Over the past year or so, liquefied natural gas (LNG) producers, as well as buyers in North Asia, particularly Japan, have been quick to announce their involvement with so called ‘carbon-neutral LNG’ cargoes. However, some LNG buyers at the Future Energy Asia conference questioned whether LNG can really be carbon neutral.
There has been a rush from various Japanese utilities, such as Osaka Gas and Tokyo Gas, to sign up for LNG cargoes labelled as carbon neutral. All the big LNG players, including Shell, PetroChina, BP, Petronas, Eni, TotalEnergies, Pavilion Energy, Woodside and Trafigura, among others, have been quick to announce deliveries of carbon neutral LNG cargoes.
Indeed, the market is on track to quadruple this year, according to a recent report from FTI Consulting. The company has tracked six carbon-neutral cargoes through April, compared to only five during all of 2020.
But Jon Russell, chief commercial officer at Philippines-based utility First Gen, which is looking to start importing LNG later next year, told the Future Energy Asia conference yesterday, that carbon neutral LNG cargoes have a limited role to play in decarbonisation and that buyers should focus on reducing emissions before turning to such schemes.
“Anybody that is buying carbon offsets at the moment and paying $1 or $2 per tonne, they know in their hearts that’s not the cost of removing carbon from the economy. Unless you are going to be paying somewhere in the region of $50 to $100 per tonne then I think you have to question whether it is really doing any good,” Russell told delegates.
“So as a buyer, I think there is a lot of question marks on whether some of the projects, which these offsets are going to, are actually doing what they say they are doing. There is a lot of information to sift through, I just don’t have a good enough sense at the moment of how to pick the good from the bad, so to speak,” he added.
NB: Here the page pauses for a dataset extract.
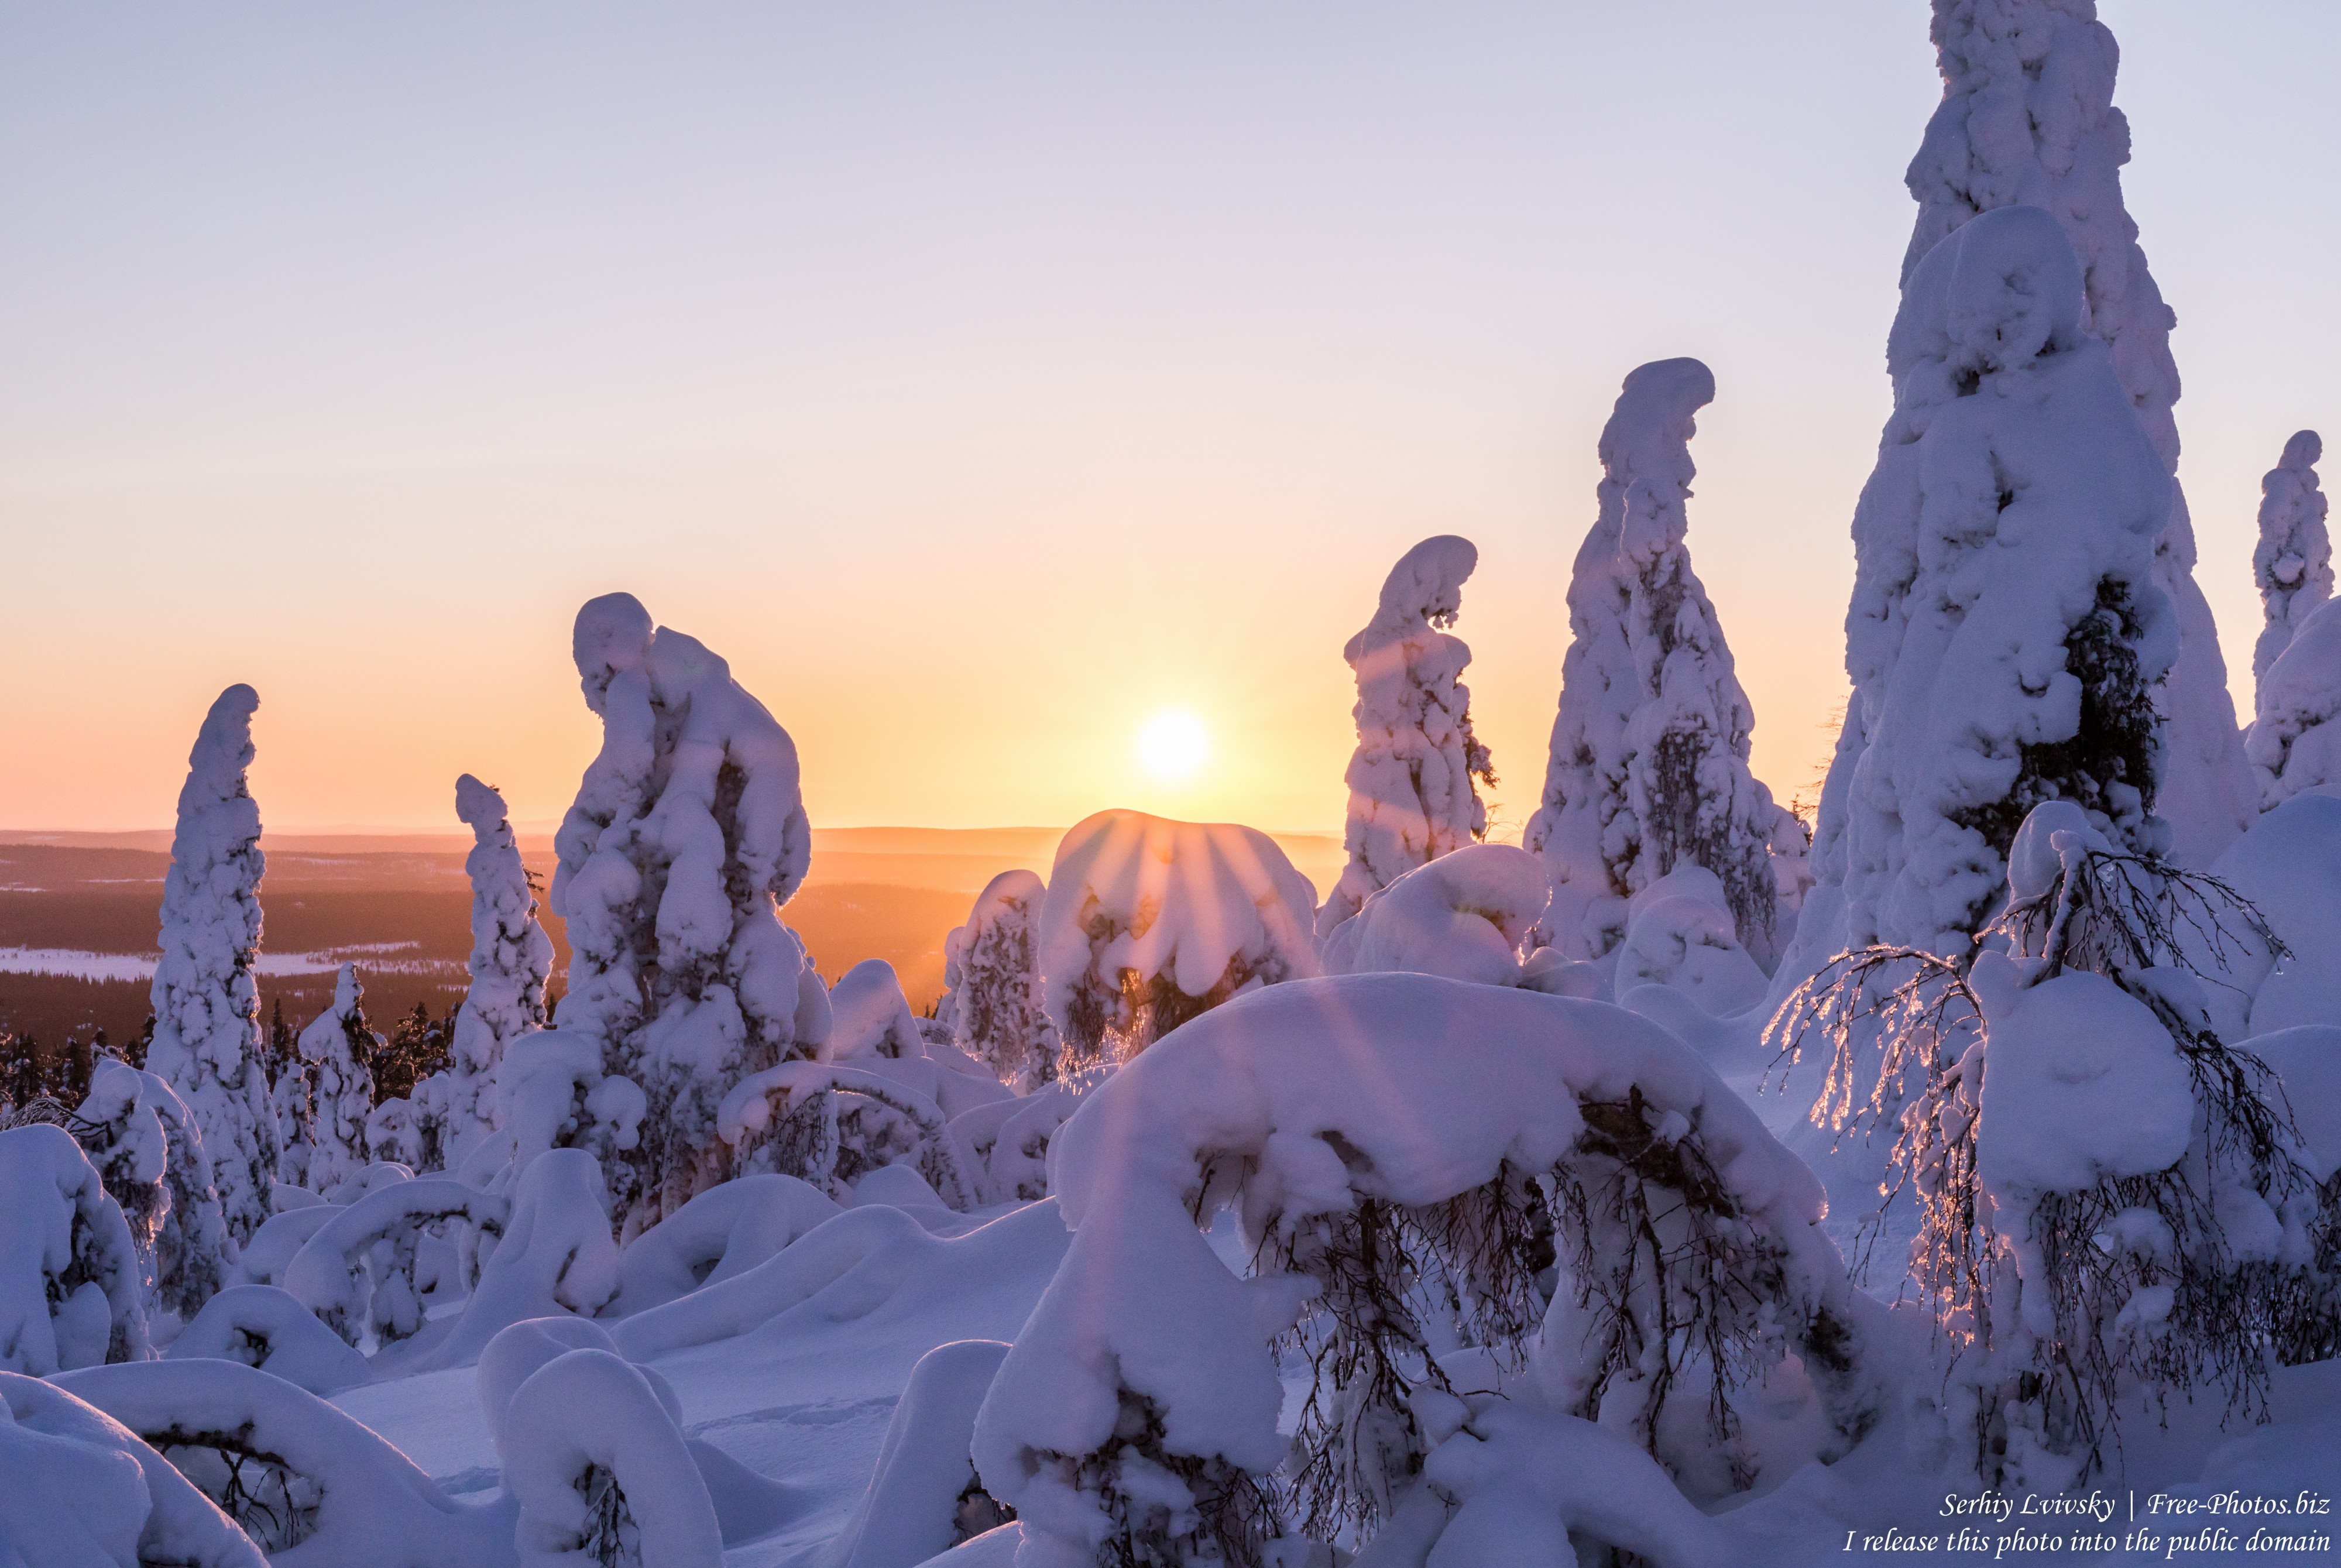 Valtavaara, Finland, photographed in January 2020 by Serhiy Lvivsky, picture 29

Russell also questioned whether LNG could compete with renewable energy in the future if carbon taxes are imposed on the super-cooled fuel across the globe.
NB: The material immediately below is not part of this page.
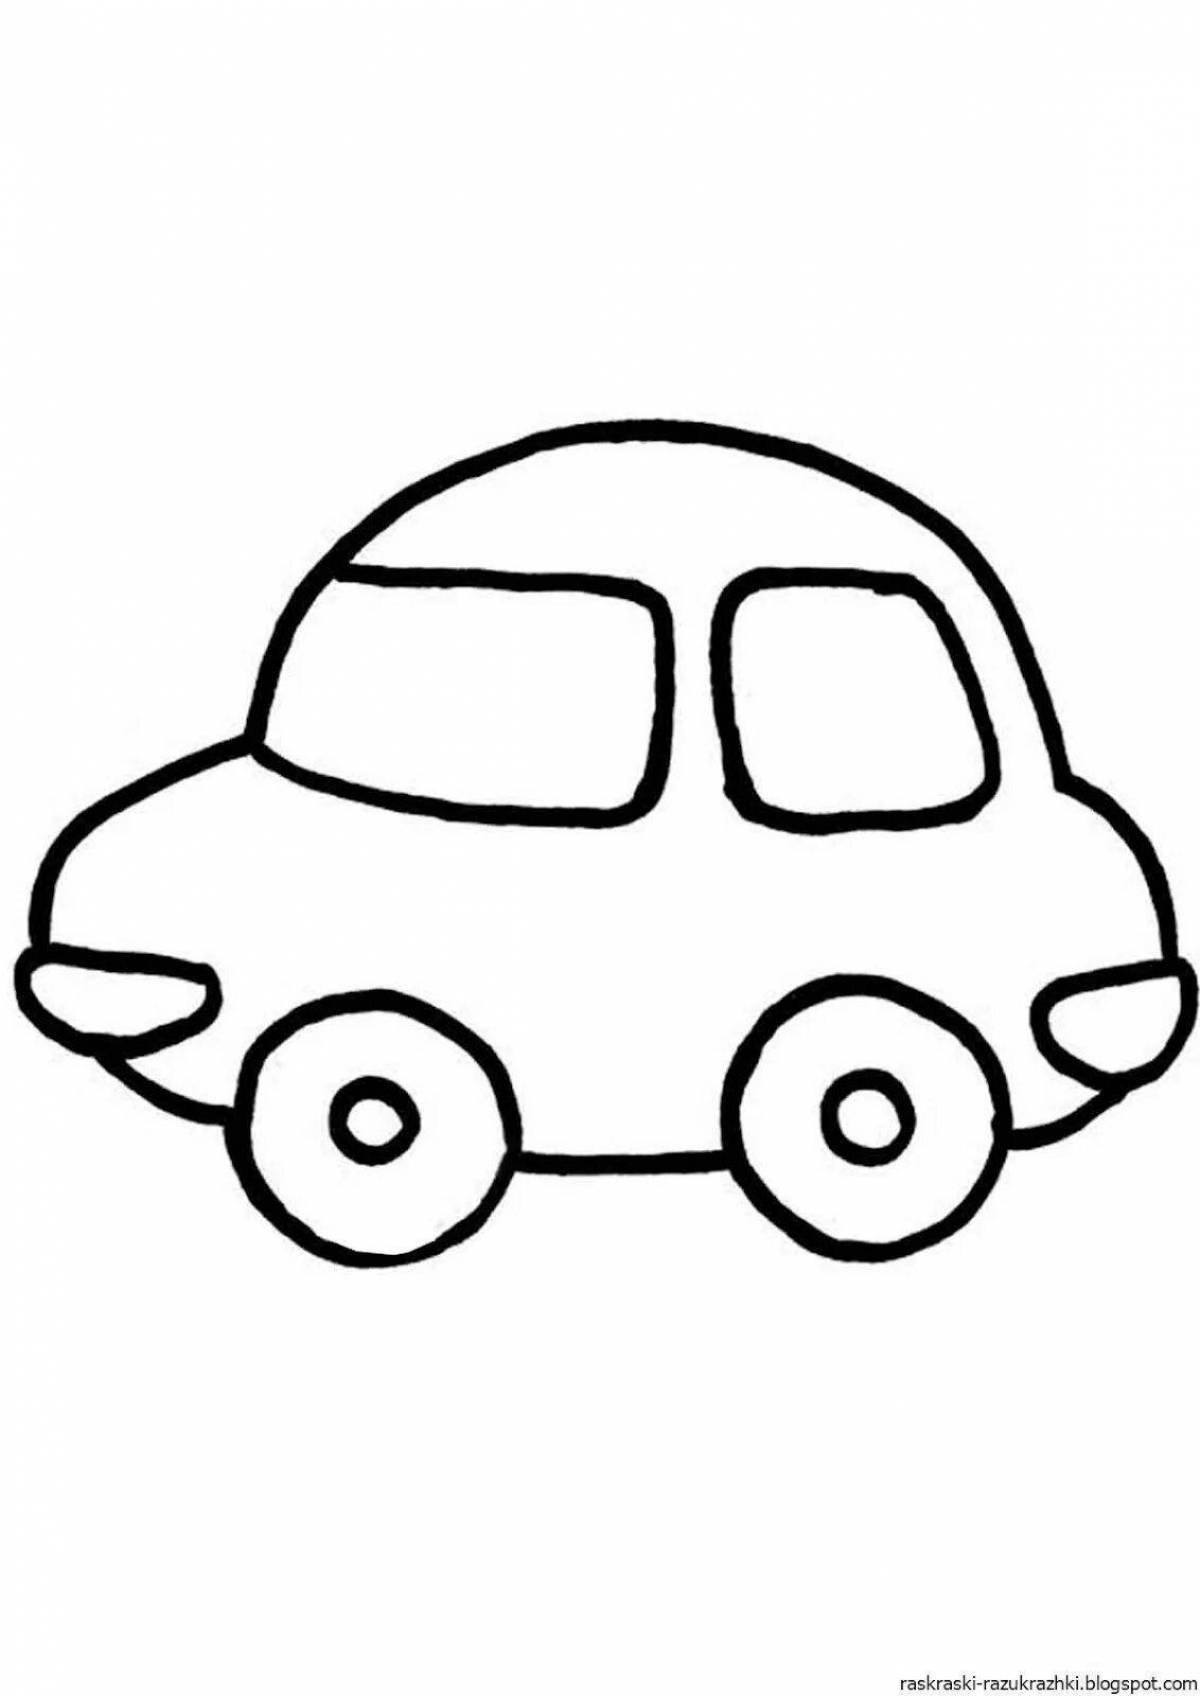 Coloring page adorable cars 2

“I think at last count onshore wind was at about $40 per megawatt hour (MWh). The best solar comes in at $60 per MWh. If you take the most modern combined cycle plant and you put $6 gas into it, you get $60 per MWh. If you put $8 gas in, you get $80 per MWh. So, it’s not competitive with wind or solar. If on top of that you put $100 carbon tax, you add another $7 per million Btu, so I really don’t see how it’s going to work,” added Russell.
“I’m hoping that in the next few months, that as we get up to Glasgow (COP26), and even after Glasgow, that some of that uncertainty will start to resolve itself, which I think will be beneficial for everybody,” said Russell.
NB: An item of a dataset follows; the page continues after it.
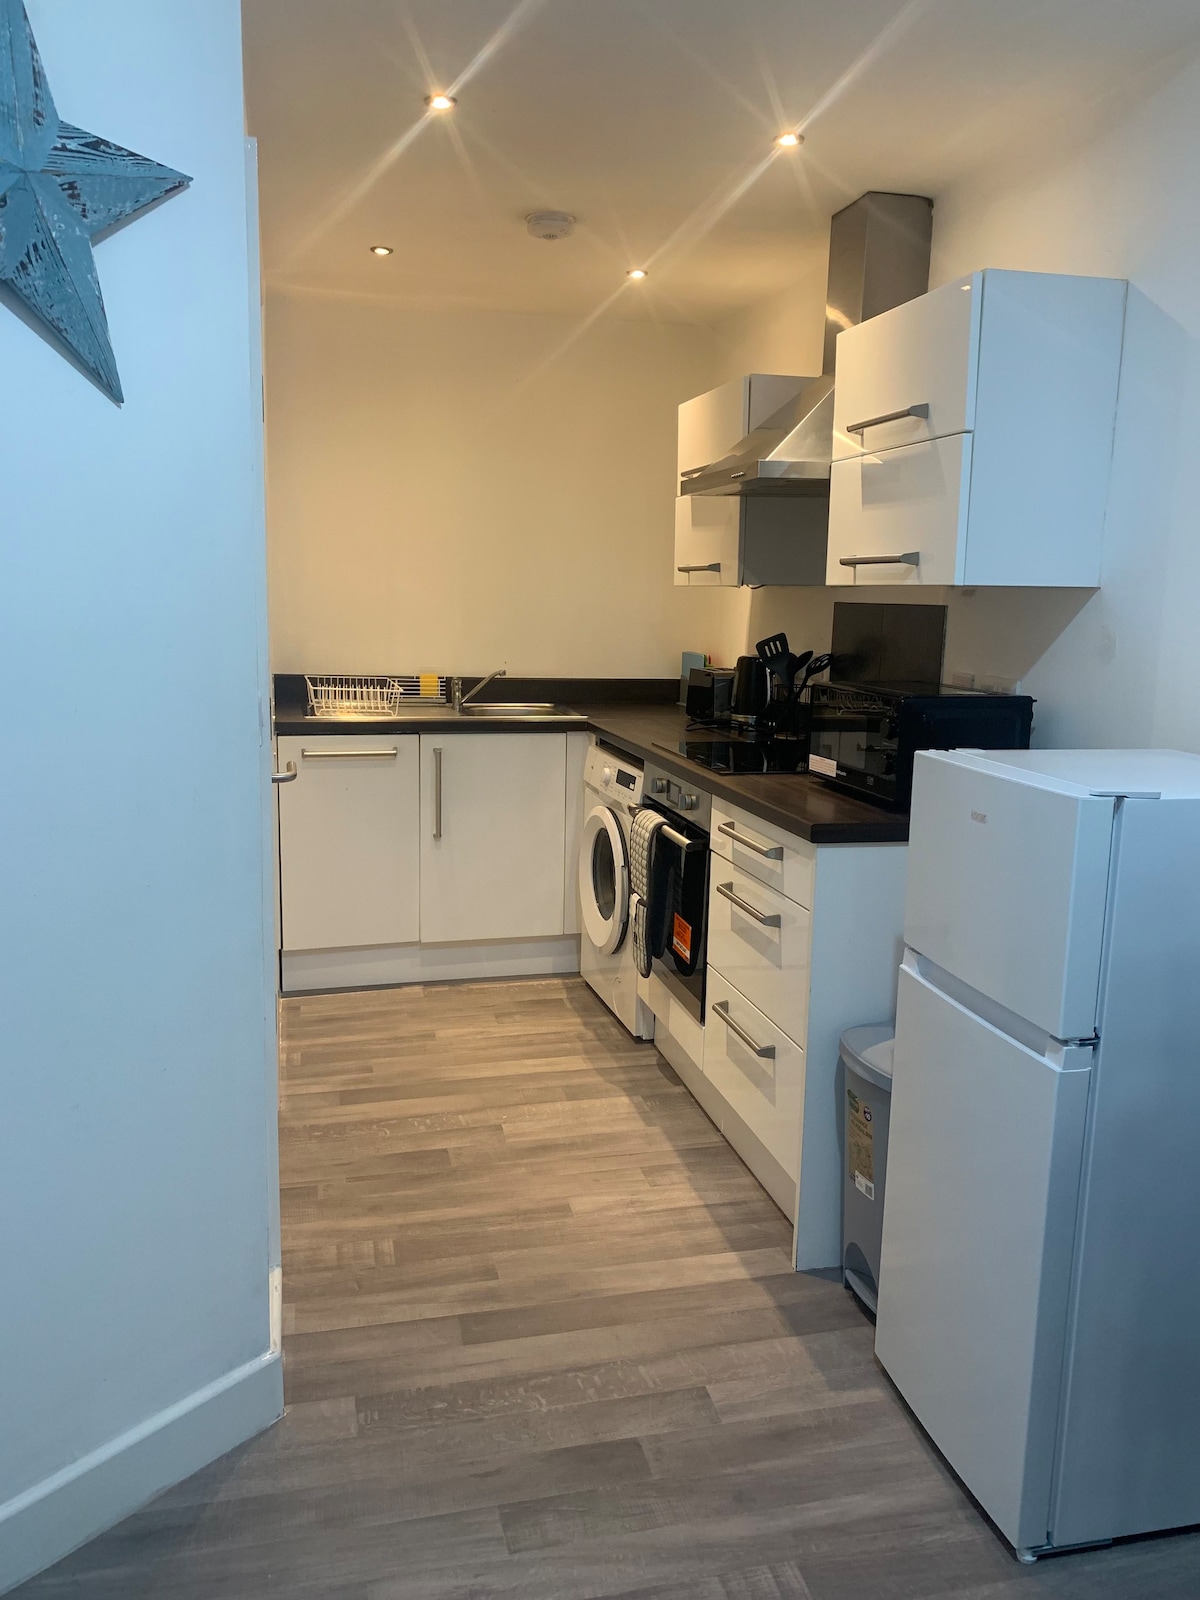 A beautiful flat in Leicester city centre

Fabian Kor, group head, strategy and corporate development at Singapore LNG player Pavilion Energy, which has been an early champion of carbon neutral LNG cargoes, conceded that there are a lot of intricacies and complexities involved in offsetting LNG cargoes. “Offsets should be a last resort,” he said.
“You can buy really poor-quality offsets, which kind of renders what you’re doing kind of useless. As Pavilion Energy, we are starting off step by step. First, is to agree on a GHG methodology that is verifiable and measurable. So, we are working with our suppliers in Qatar, as well as BP and Chevron, to come up with an industry standard,” Kor told delegates at the virtual conference.
He added that when a carbon neutral LNG cargo is handed over at the importing terminal a certificate of emissions that can be independently verified needs to be handed over.
“Emissions need to be measured end-to-end. From the wellhead to burner tip. I think from wellhead to liquefaction plants plus shipping, I think it’s only about 20-25% of the overall emissions. With 70-80% of the emissions coming from the downstream component, i.e., flange to burning tip. So, for the LNG buyers, especially utilities, they need to accurately measure the GHG emissions,” said Kor.
Indeed, generally speaking carbon offsets do not appear to cover regasification and combustion, which make up most of the emissions in the LNG value chain.
“There is no industry-wide definition for ‘carbon neutral’ LNG, nor is there a set way to calculate emissions. But companies, especially end-users in Japan, are eager to purchase these types of shipments as they are under pressure to reduce their carbon footprint,” Stephen Stapczynski, an Asia-focused LNG specialist at Bloomberg, said on Twitter following Petronas’ announcement earlier this month that it had delivered its first carbon neutral LNG cargo.
Significantly, “the growth in popularity of carbon-neutral LNG has also brought to light questions about how environmentally friendly the super-chilled fuel could become. Standards vary, making it difficult to determine how much carbon has been mitigated, emitted or offset through trading,” reported Natural Gas Intelligence (NGI) last month.
“It’s totally the Wild West out there in terms of verification systems and standards,” FTI’s Madeline Jowdy, senior director and co-author of the firm’s report, told NGI’s LNG Insight. “But I think because we’re in the early stages, it’s still really difficult to account for the emissions generated in the upstream and liquefaction processes.”